[EXERCISE OBJECTIVE]: Single out the lines of the material that contain "Boot" and copy them.

[EXTRACTED DATA]:

################

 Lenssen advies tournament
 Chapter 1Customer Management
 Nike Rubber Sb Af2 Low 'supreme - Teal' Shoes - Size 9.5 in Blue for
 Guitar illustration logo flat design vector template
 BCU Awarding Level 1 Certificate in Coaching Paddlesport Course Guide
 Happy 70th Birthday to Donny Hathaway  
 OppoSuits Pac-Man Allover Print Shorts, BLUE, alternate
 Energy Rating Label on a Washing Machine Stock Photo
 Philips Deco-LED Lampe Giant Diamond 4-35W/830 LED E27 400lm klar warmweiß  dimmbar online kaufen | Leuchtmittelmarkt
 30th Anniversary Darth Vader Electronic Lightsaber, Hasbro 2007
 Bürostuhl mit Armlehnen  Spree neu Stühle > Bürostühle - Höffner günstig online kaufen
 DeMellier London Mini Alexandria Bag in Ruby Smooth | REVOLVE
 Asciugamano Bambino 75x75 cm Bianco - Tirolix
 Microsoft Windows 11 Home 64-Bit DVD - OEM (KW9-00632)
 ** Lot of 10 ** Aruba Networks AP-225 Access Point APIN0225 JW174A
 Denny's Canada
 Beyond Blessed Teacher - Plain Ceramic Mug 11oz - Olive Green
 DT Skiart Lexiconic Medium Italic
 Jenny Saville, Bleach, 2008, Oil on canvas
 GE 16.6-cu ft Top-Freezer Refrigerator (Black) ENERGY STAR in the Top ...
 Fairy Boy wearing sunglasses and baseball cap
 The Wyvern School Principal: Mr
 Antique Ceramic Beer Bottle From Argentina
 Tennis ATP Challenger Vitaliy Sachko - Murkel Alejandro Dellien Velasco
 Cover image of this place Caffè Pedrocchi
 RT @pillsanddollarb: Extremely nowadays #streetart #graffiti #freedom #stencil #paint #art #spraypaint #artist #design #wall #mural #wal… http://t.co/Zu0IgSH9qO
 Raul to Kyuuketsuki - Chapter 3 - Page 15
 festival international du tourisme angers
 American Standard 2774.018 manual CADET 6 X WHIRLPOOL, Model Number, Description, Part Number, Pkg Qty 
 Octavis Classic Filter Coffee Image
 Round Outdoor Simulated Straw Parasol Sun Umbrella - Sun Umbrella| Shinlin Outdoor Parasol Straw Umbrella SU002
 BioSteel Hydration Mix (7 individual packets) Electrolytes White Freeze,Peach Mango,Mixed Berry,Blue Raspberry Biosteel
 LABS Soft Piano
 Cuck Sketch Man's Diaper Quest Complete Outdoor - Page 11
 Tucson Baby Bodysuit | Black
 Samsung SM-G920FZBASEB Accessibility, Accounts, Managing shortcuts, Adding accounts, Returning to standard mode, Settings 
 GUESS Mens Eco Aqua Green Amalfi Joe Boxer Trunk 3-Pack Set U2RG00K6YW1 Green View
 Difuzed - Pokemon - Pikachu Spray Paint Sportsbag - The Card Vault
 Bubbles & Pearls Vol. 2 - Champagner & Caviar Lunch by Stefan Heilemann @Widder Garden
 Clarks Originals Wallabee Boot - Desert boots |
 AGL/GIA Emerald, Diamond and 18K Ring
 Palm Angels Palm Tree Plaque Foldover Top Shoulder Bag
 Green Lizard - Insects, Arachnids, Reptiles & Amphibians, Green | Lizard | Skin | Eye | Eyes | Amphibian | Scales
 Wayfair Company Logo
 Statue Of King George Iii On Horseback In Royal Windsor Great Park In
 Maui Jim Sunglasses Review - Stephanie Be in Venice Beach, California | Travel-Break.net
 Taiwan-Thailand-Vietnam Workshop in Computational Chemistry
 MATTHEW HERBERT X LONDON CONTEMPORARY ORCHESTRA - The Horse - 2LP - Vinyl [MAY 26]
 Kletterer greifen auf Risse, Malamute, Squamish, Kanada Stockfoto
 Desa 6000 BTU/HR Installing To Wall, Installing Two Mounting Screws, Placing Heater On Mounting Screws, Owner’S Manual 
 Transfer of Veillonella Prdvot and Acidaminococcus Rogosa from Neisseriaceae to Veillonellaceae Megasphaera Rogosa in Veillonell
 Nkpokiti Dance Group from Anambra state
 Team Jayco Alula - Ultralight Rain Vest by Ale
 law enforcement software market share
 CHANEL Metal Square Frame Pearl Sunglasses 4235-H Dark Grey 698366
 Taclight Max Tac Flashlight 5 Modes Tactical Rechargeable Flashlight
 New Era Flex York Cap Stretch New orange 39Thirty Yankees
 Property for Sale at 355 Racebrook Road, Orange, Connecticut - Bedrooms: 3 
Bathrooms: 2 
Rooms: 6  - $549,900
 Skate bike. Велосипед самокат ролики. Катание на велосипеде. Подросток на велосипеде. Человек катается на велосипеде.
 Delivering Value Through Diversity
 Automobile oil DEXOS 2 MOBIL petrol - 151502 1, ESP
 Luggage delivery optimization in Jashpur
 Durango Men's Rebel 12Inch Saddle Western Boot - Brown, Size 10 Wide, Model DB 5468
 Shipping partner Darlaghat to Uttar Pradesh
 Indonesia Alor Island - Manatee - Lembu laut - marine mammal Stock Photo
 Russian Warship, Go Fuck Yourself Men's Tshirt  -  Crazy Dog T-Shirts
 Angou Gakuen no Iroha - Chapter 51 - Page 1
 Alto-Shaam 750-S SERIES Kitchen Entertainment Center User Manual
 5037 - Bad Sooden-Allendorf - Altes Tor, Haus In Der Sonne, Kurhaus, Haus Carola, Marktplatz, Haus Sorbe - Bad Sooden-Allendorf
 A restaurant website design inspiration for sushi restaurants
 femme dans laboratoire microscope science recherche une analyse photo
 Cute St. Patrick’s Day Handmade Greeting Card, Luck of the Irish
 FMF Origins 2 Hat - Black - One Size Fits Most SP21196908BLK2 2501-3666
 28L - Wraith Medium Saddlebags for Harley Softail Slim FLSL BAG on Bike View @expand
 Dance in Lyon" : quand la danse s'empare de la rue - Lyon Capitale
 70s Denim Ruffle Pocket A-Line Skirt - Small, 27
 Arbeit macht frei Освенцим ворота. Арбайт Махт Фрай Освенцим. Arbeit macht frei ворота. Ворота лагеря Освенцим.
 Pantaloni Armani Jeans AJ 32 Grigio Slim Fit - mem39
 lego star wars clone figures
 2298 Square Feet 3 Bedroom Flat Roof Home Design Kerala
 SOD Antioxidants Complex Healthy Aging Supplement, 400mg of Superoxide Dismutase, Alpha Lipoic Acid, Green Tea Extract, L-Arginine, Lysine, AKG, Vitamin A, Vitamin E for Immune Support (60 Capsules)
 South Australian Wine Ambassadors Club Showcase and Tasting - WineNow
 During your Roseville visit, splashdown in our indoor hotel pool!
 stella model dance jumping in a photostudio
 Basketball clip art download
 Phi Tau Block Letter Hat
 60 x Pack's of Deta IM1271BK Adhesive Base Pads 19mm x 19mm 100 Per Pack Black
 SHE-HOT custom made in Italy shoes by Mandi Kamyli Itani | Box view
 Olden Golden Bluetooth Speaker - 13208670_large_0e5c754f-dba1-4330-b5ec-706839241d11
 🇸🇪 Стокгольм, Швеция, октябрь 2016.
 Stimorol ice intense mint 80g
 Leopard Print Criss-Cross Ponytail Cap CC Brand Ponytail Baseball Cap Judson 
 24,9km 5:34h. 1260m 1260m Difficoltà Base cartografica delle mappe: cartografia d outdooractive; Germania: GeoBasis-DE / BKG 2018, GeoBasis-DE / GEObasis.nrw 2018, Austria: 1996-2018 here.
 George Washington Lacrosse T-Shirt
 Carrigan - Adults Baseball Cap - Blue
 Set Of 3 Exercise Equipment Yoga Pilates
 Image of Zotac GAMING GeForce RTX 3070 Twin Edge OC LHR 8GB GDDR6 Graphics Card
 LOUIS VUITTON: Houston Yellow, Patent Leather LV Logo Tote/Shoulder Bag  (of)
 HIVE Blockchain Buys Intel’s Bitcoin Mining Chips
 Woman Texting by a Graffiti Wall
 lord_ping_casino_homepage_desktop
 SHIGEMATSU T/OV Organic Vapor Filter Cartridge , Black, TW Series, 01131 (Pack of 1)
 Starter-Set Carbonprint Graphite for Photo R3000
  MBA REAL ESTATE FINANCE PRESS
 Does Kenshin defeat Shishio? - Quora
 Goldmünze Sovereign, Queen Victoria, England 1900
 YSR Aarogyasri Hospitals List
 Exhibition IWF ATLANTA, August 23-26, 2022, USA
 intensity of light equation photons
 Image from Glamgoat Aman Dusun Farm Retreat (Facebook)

################

[SOLUTION TO THIS TASK]:
 Clarks Originals Wallabee Boot - Desert boots |
 Durango Men's Rebel 12Inch Saddle Western Boot - Brown, Size 10 Wide, Model DB 5468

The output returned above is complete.